In this context I would also point you to Professor
@Jonathan Edwards' recent
letter to the head of the MRC, particularly this paragraph:
In the longer term, PACE continues to have a disastrous effect on clinical care, equally relevant to research. It seems likely that treatments are being provided that do not work and cause distress. PACE is a major prop for the £1B expansion of so-called evidence-based therapies proposed now not just for ME but for any unexplained symptoms. The more I see the more I suspect none of this ‘evidence’ means much. Even Simon Wessely, who helped set PACE in train, is looking on, like the Sourcerer’s Apprentice, as PACE is used to underpin subcontracting care to providers whose staff are not even formally trained in CBT, let alone have useful knowledge of the illness. Commissioning groups are dispensing with physician contact. Whereas in the past physicians like Stephen and I could gain experience with the clinical picture and ponder possible causes we are faced with a future in which nobody even knows what the problem is that requires scientific input.
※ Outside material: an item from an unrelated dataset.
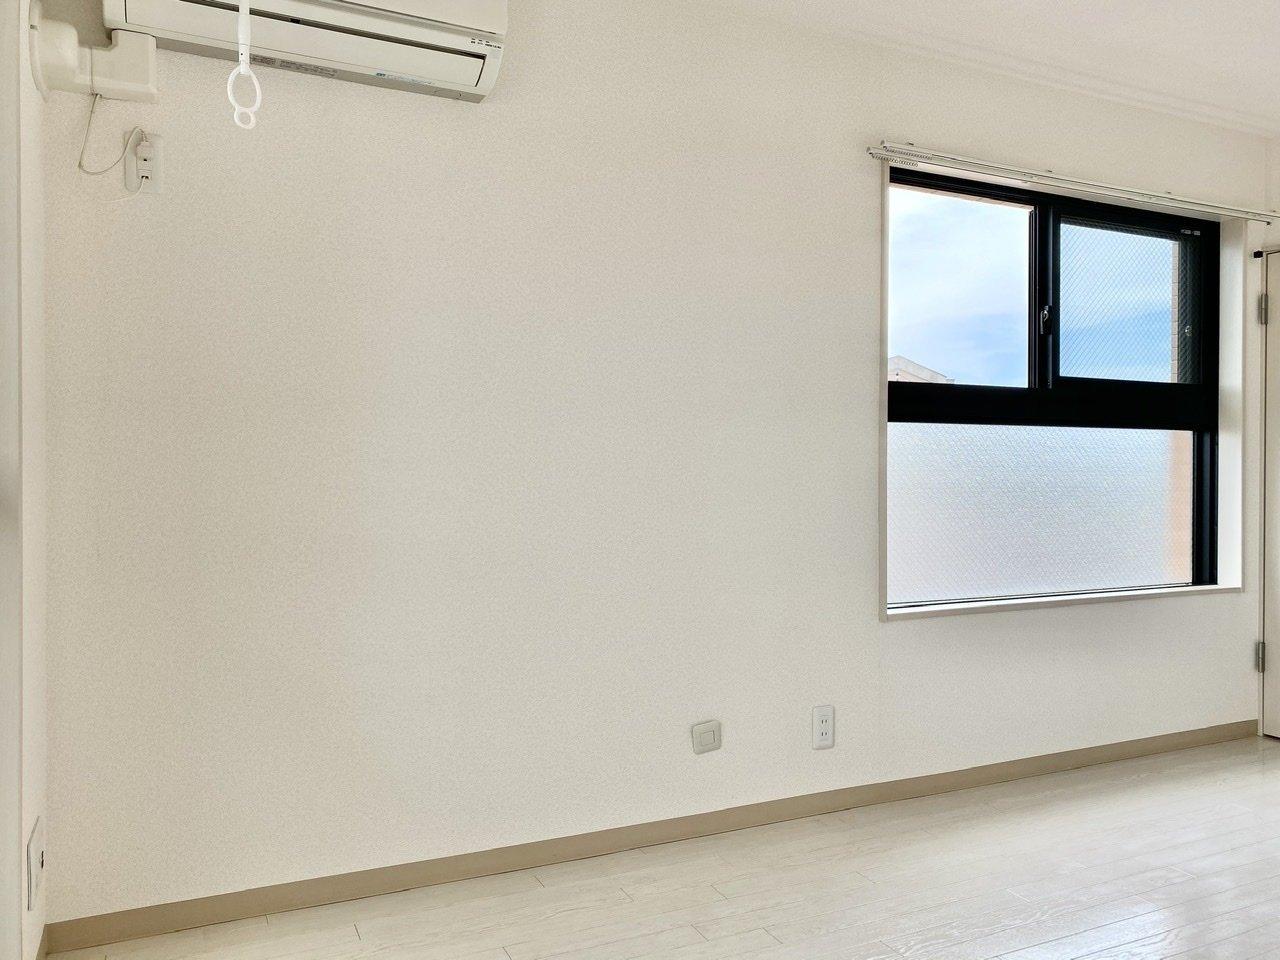 テレワークが可能な会社であれば、室内にワークデスクも置きたいところ。2面採光なので、こちらの窓際にデスクを置いたら、明るさもあり良さそう。

Finally, for the sake of patients, AfME should break all ties with BACME and not make any statements in support of its approaches to treatment.
It should also dissociate itself fully from Esther Crawley and make a statement about the fact that her research methodology is as bad as, and often worse than PACE. For example, you should be warning parents with children about the pitfalls of the approaches being used in the FITNET trial and pointing out the flaws in the claims that the Dutch study showed the method being tested in FITNET to be effective.
AfME should also not use therapists to educate doctors about ME - this should be done by medical doctors with up to date knowledge of research, and by expert patients who can tell the story from a patient's point of view.